May is National Mental Health Awareness Month, and through HRC’s new partnership with Mental Health America, HRC is shining a light on the mental health needs and challenges for many LGBTQ youth. The cumulative impact of family rejection, bullying and harassment at school, anti-LGBTQ sentiment expressed by lawmakers and leaders, and real experiences of discrimination and bias leave LGBTQ youth take an emotional toll on LGBTQ youth. In fact, the 2015 Youth Risk Behavior Survey (YRBS), which is administered biannually by the Centers for Disease Control and Prevention (CDC), found that high school students who identified as LGB were over three times as likely to have considered suicide than their heterosexual peers, and LGB students also reported significantly higher rates of substance use, obesity, and feeling so sad or hopeless they stopped doing their usual activities.

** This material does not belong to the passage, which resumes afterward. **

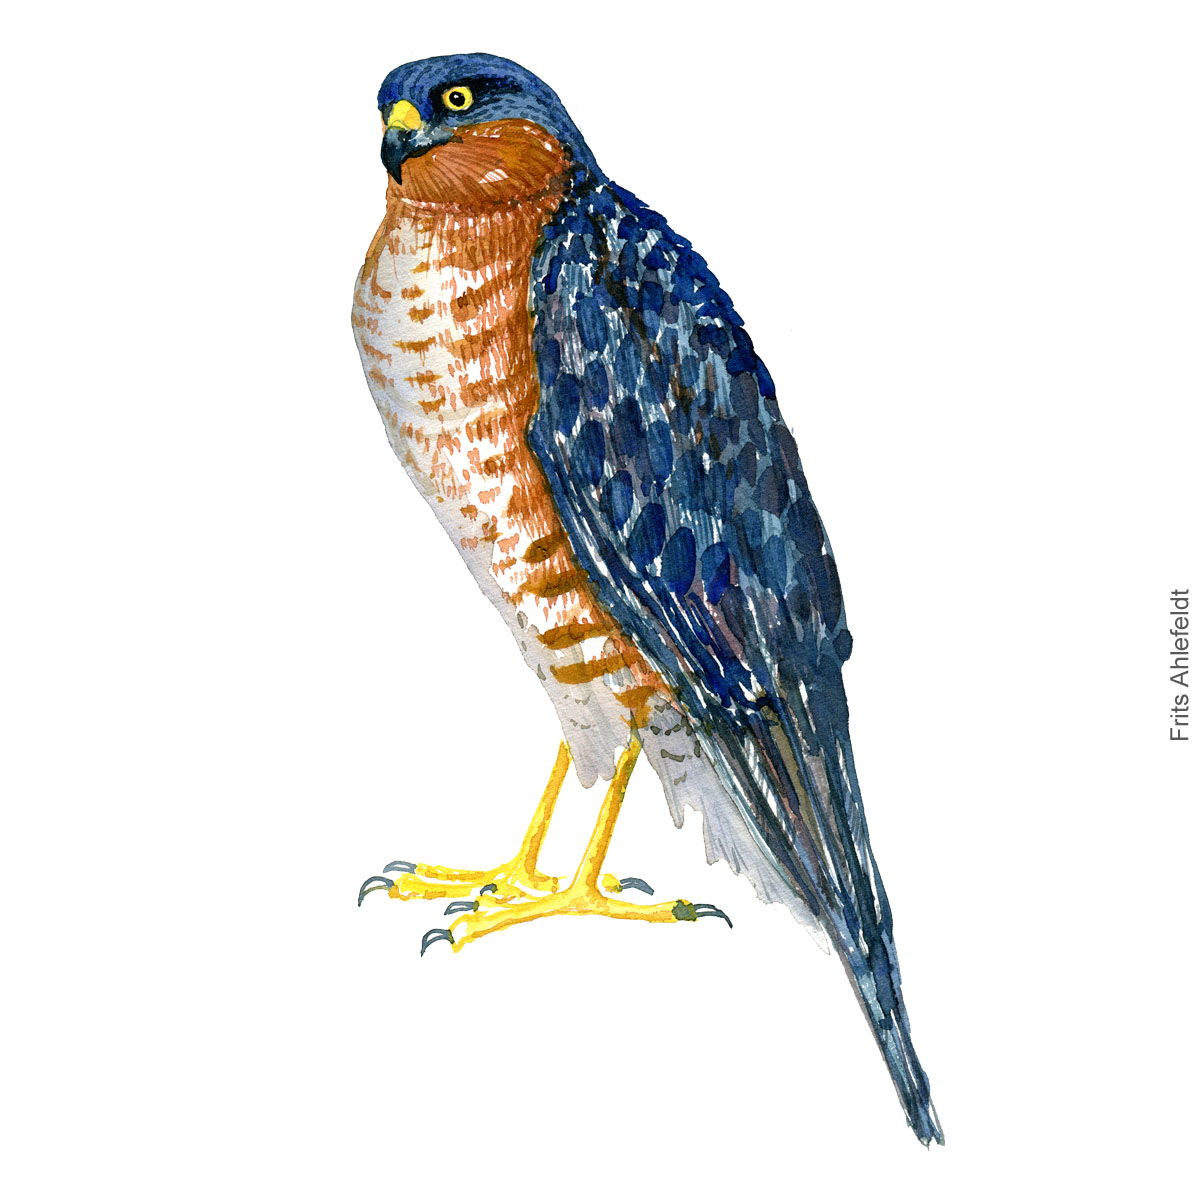 Erurasian sparrow hawk spurvehoeg Akvarel. Watercolor bird illustration by Frits Ahlefeldt

Transgender and gender non-binary students have it worse, often subjected to the highest rates of physical and verbal harassment. A report by GLSEN spotlights this reality--- 65 percent reported being verbally harassed based on their gender expression, and one in four reported being physically harassed. An alarming 75 percent of transgender students felt unsafe in their school, and 70 percent reported avoiding the bathroom at their school due to safety concerns. Many non-transgender students, too, are harassed for their gender expression: According to a report from Advocates for Youth and the All Students Count Coalition, boys who described themselves as feminine were three times more likely than self-described masculine boys to miss school because of feeling unsafe, while girls who described themselves as androgynous were two times more likely to be cyber bullied compared to feminine girls.
All of us---parents, educators, coaches, mentors, counselors, leaders, and peers, have an important role to play in changing the landscape for our youth, and chiseling away at these stressors and barriers that compromise the mental health of LGBTQ youth. As a starting point, let’s encourage young people to speak openly and honestly about their mental health, helping to reduce stigma and to empower others to seek help and support when it’s needed. As modeled by the HRC Youth Ambassadors featured in this short video, sharing our personal stories about mental health struggles can help others feel less afraid, less alone, and less ashamed. To learn more about mental health, including how to screen for depression, anxiety, and other common mental health disorders, visit www.mhascreening.org.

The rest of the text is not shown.